In use, actuation of the actuation mechanism 33 may cause the retractable sensor cable 60 to retract proximally through the lumen 45 of the delivery needle 40, into the handle 30 and through the lumen 36 of the handle 30. The retractable sensor cable 60 may then automatically wind around the spool 63 in the retracted position 80. Upon retraction of the retractable sensor cable 60 and the sensor 65, the fluid delivery device 15 (e.g., the syringe 20) may be configured to deliver a fluid through the lumen 45 of the delivery needle 40.

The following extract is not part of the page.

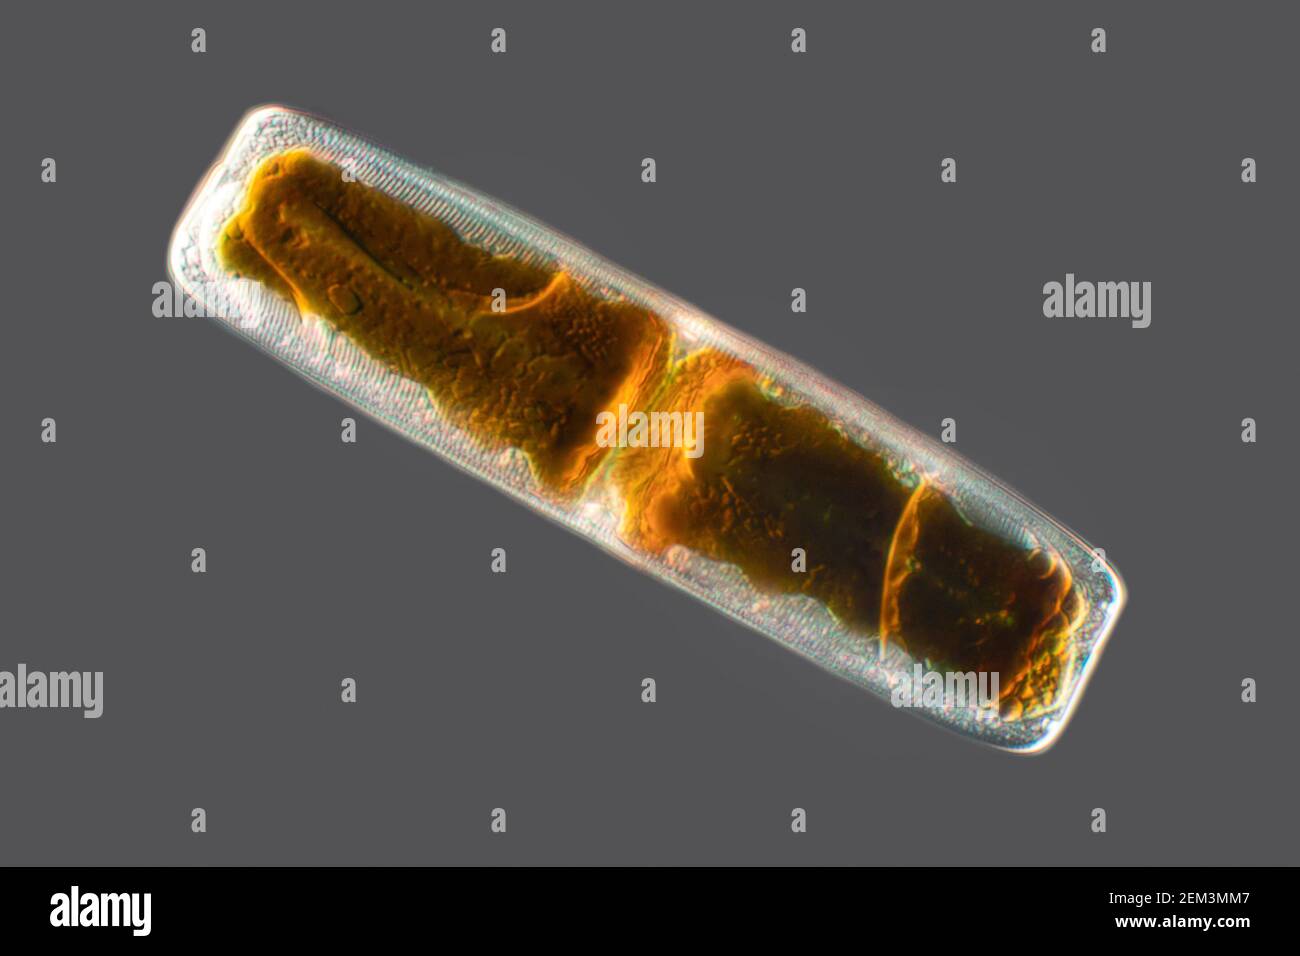 Diatomee (Diatomeae), diatomee dal Mar Mediterraneo, immagine di contrasto con interferenza differenziale, ingrandimento x200 relativo a 35 mm Foto Stock
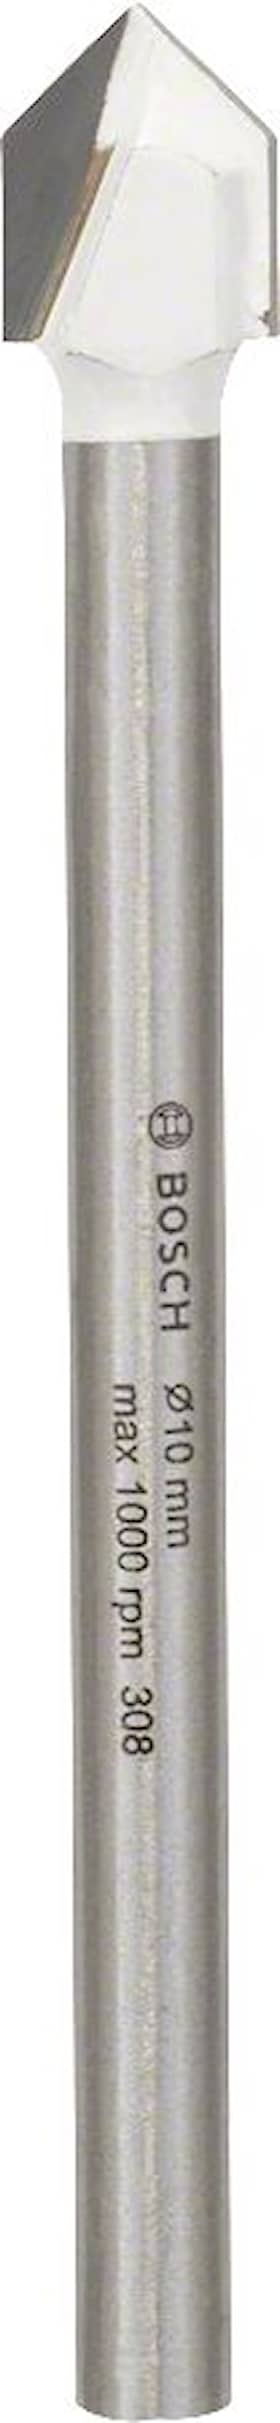 Bosch Kakelborr CYL-9 10x90mm

FIG. 6B illustrates an enlarged view of a portion of the actuation mechanism 33 as in FIG. 6A, taken at circle 6B. As shown in FIG. 6B, the second latch 39b engages with the second lip 88b of the opening 77. The second latch 39b locks the actuation mechanism 33 in the depressed position thereby allowing the spool 63 to rotate.

While it is illustrated that the actuation mechanism 33 is a button that may be depressed or released, it may be contemplated that the actuation mechanism 33 may include a turn crank in which the spool 63 may be manually rotated, thereby winding the retractable sensor cable 60 around the spool 63.

In another embodiment, instead of a delivery needle (e.g., delivery needle 40), the handle 30 including the spool 63 may be used in a rigid or a flexible endoscope or a catheter.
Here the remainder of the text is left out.